Read More: As Myanmar’s Junta Intensifies Its Crackdown, Pro-Democracy Protesters Prepare for Civil War
I keep thinking about that old joke that George Orwell actually wrote two novels about Myanmar: his colonial police memoir Burmese Days and 1984.
However, although I agree with the writer Ye Yint Aung that “watching your home country implode from afar is truly heartbreaking,” this time, there is palpable hope. What has finally broken the dam of fear for me and for so many others, and why we are fighting so hard to support the revolution, is seeing a real chance for freedom. There is a genuine desire for unity at a grassroots level—a new, federal democracy built by those who want the best for the more than 130 ethnic groups that make up Myanmar, and who have learned from past mistakes.

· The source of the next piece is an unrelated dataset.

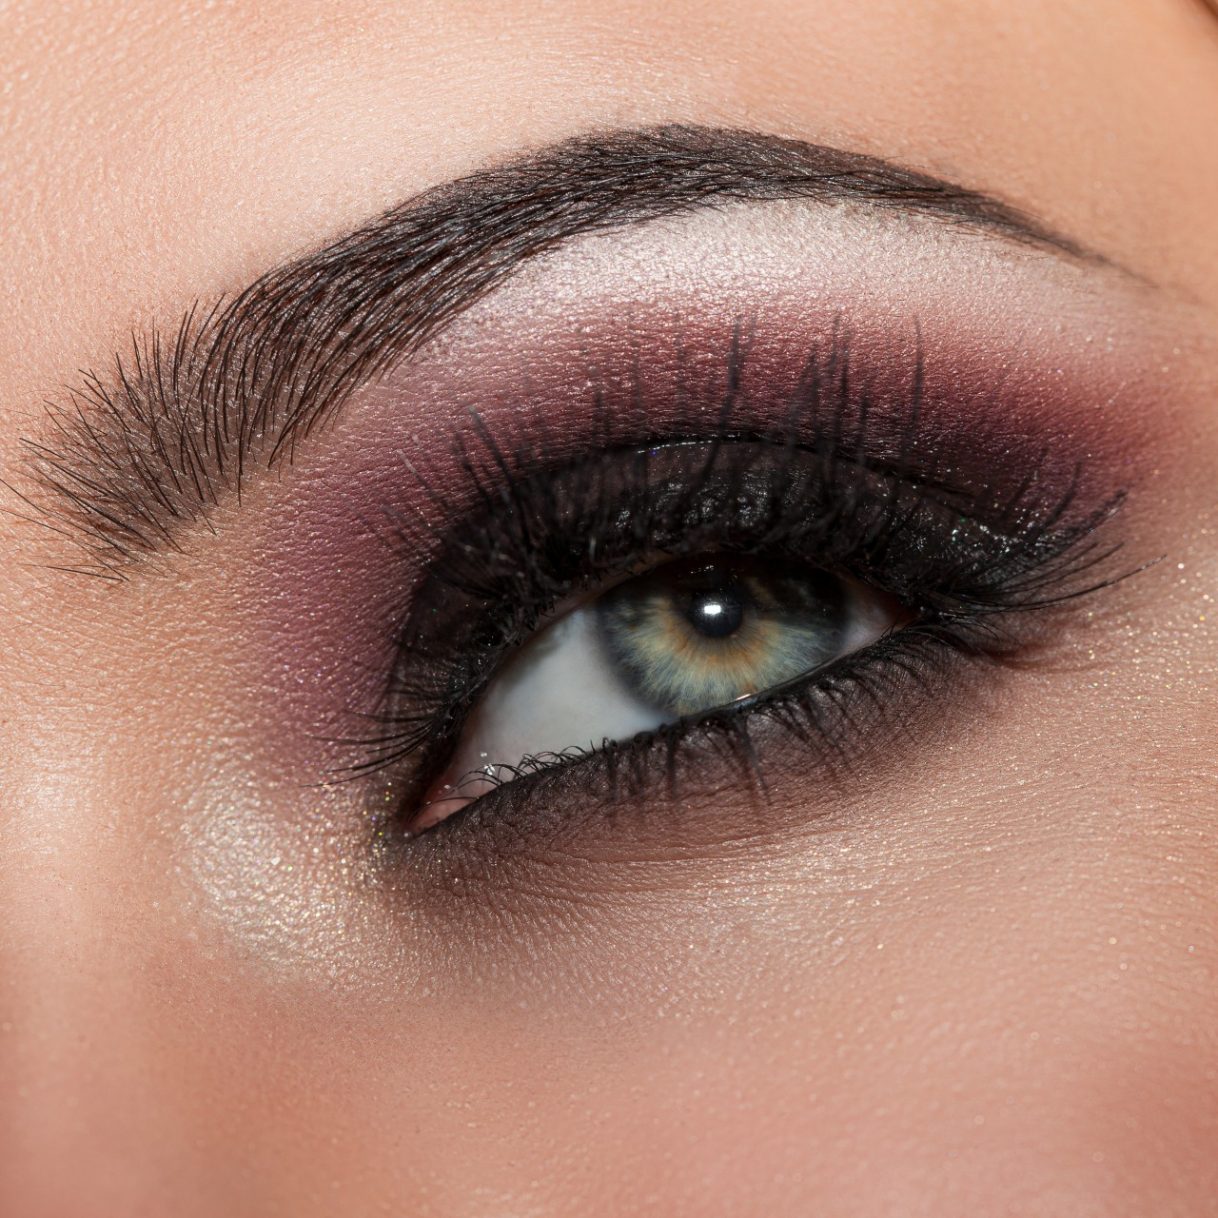 Eye Makeup Styles For Asians Expert Makeup Tips To Make Your Eye Makeup Pop Frends Beauty Blog

This includes bringing the Tatmadaw to justice for their crimes against the Rohingya, who are finally being openly embraced as our siblings after years of cruel misinformation and propaganda. (Those who had dared to speak up for the Rohingya in the past were branded as “enemies of the State” and many were imprisoned or worse.)
Every day, we’re seeing all ethnic groups (including the Rohingya), all religions, all professions and industries (spearheaded by medics in a White Coat Revolution), and even punks and drag queens marching together and waving the three-finger salute to show support for the Civil Disobedience Movement—a nationwide, decentralized and incredibly creative initiative intended to shut down the country, and thus the Tatmadaw’s activities, using peaceful means.
This unprecedented unity of protest and federal goals is partly thanks to the Internet. Demos are being organized, and messages, images and hashtags are being spread via Facebook, Twitter and Instagram. In 1988, camera films had to be smuggled out of Burma, as Myanmar was then known, before the world could see the streets bathed with blood. In 2021, we’re watching events unfold in real time, and those of us outside the country have been able to support the movement in ways that were previously impossible. The Committee Representing the Pyidaungsu Hluttaw (CRPH), composed of ousted lawmakers who are in hiding, has even been attempting to govern in parallel with the junta by issuing parliamentary decrees via Facebook.
And this is why the Tatmadaw has tried its best to plunge Myanmar into darkness —blocking access to Facebook, cutting mobile Internet for 53 days now (WiFi is rare even in normal circumstances), and shutting down all Internet from 1 a.m. to 9 a.m. every day. But people have turned to VPNs and mesh networks, and so news in Myanmar is still getting out to the world and, more importantly, to each other. A one-page print newsletter has even been launched—The Voice of Spring—providing information to those who would otherwise be cut off completely.
One slogan of the Civil Disobedience Movement is “You Messed with the Wrong Generation” and this feels like a truth. Whenever the Tatmadaw strikes, the people rise again like the traditional Burmese balance doll, the Pyit Tine Htaung, another symbol of the movement. The Tatmadaw is a twisted and archaic Goliath and, despite their lack of firepower I do believe that this time the Burmese people—who, like David, are literally armed with catapults—will win and topple the dictatorship once and for all.
As diplomat U Kyaw Moe Tun said recently at the U.N. General Assembly (angering the junta, which immediately fired him and charged him with High Treason): “The revolution must succeed.”